REVIEW: Prometheus


In the year 2089, archeologists Shaw (Noomi Rapace) and Holloway (Logan Marshall-Green) discover a series of matching symbols in various unrelated ancient sites around the world. They lead an interstellar expedition, funded by the Weyland Corporation, to investigate. With a crew that includes company stooge Vickers (Charlize Theron), blue collar Captain Janek (Idris Elba) and a state-of-the-art android named David (Michael Fassbender), they follow the signal to the remote moon of LV223, where an underground series of caves reveals the same symbols – and a whole lot more.

PROMETHEUS is a film that benefits from its audience knowing as little as possible going in, suffice to say it certainly has plenty of grand ambition, both in its design, philosophy and intent to see its cast die horribly at the hands of extra-terrestrial beasties. On paper the cast seems to be a perfect rag-tag assortment of prickly crew and prissy scientists, all destined to meet their makers together, but the script seems intent on squandering their talents. The often sinister Sean Harris is largely wasted as the jobbing geologist with a vocal disinterest in anything otherworldly, while the over exuberant Rafe Spall is barely given a look in. Guy Pearce is completely miscast in a role that has been desperately kept secret by the filmmakers – and for good reason.

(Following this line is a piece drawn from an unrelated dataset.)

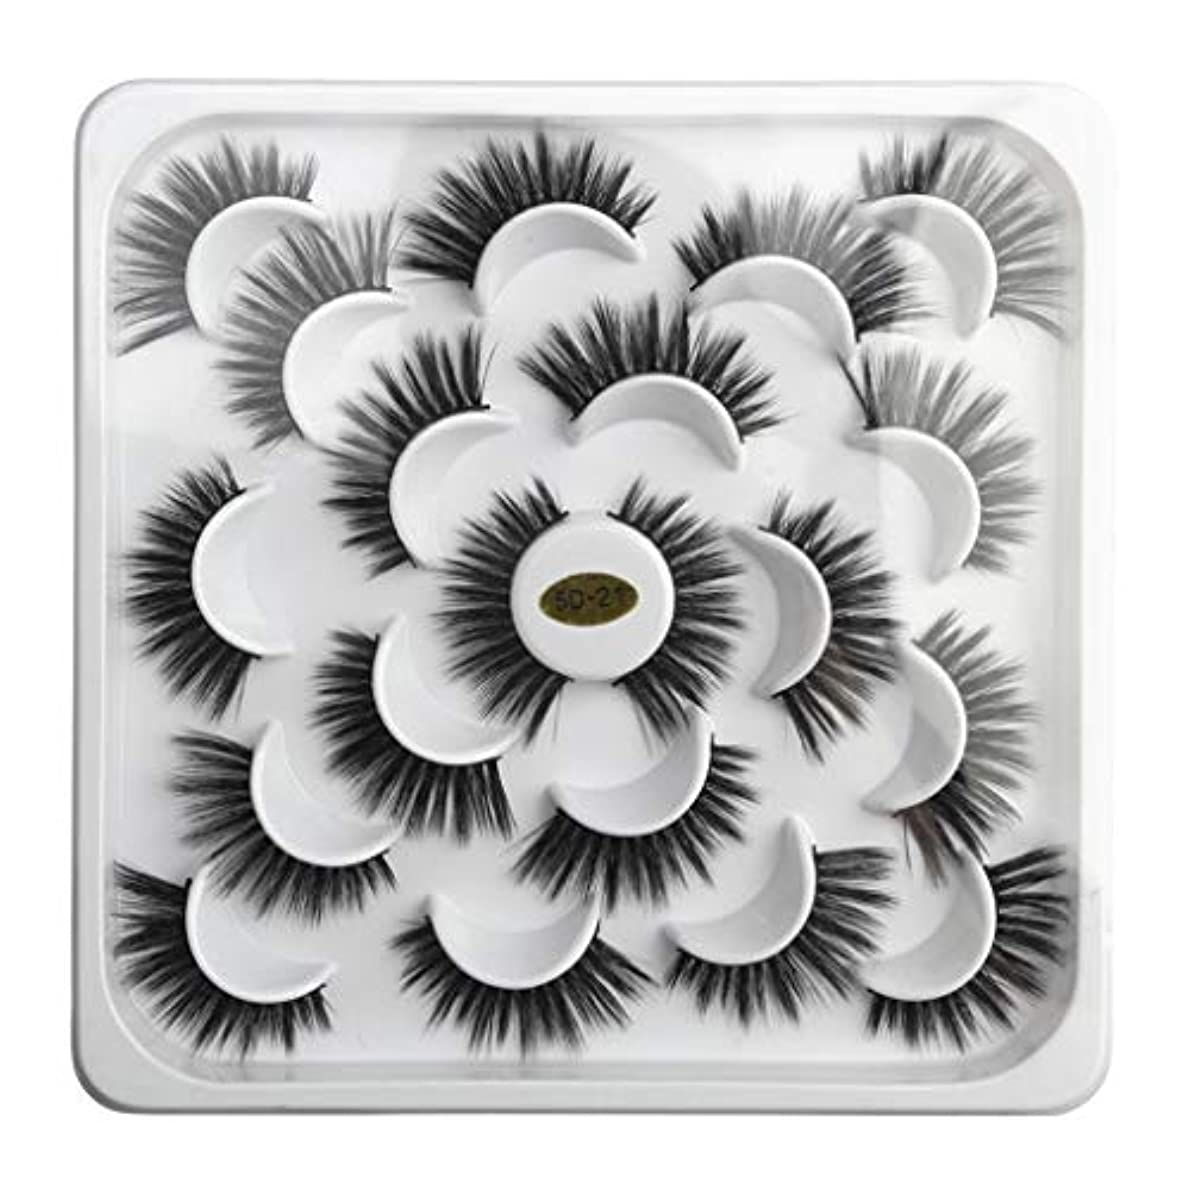 温室思想ハグ5Dミンクつけまつげと天然のまつげと10対の蓮

Michael Fassbender steals the show yet again as the T.E. Lawrence-loving android, whose loyalties appear to lie with everyone other than his fellow crew members, and is ably supported by Idris Elba’s endearing captain. Noomi Rapace does her best as our increasingly put-upon heroine, but she lacks the star power to really get the audience on her side. Personally I think she’d have been far better suited playing a weasely company employee, sent to ensure the mission go off according to plan and under budget. Instead that role goes to Charlize Theron, who commits herself admirably, but would have made a far more robust and heroic lead than her diminutive co-star.

Director Ridley Scott built his career on his defining visions of a dystopian future, and if nothing else PROMETHEUS looks incredible. Witnessed on a large IMAX screen, Scott’s swooping vistas of the Icelandic wilderness, endless panoramas of deep space or even the interiors of caves and spacecraft deserve to stand alongside anything you will see in BLADE RUNNER or his original ALIEN. But in many ways this is also where the film’s problems lie. Frequently the plot of PROMETHEUS veers too far from recognisable ALIEN mythology for the film to be satisfyingly embraced as a prequel, all the while surrounding itself with iconic imagery synonymous with Scott’s earlier film. Elsewhere, the script teases at a quasi-creationist backstory that is then left largely unexplained, instead devoting its time to characters and situations that go nowhere.

Fans of the ALIEN franchise will doubtless walk away from PROMETHEUS disappointed, as this simply isn’t the film they were hoping to see. However, when taken as a standalone deep space monster movie, there is more than enough action, suspense and monster-related gooiness to keep most summer moviegoers and even dedicated science-fiction fans entertained. Scott has already suggested that PROMETHEUS may become a trilogy of films if this one does well, which would certainly give him the opportunity to answer at least some of the myriad questions – both profound and mundane – that are left scattered across his majestic yet inhospitable landscape.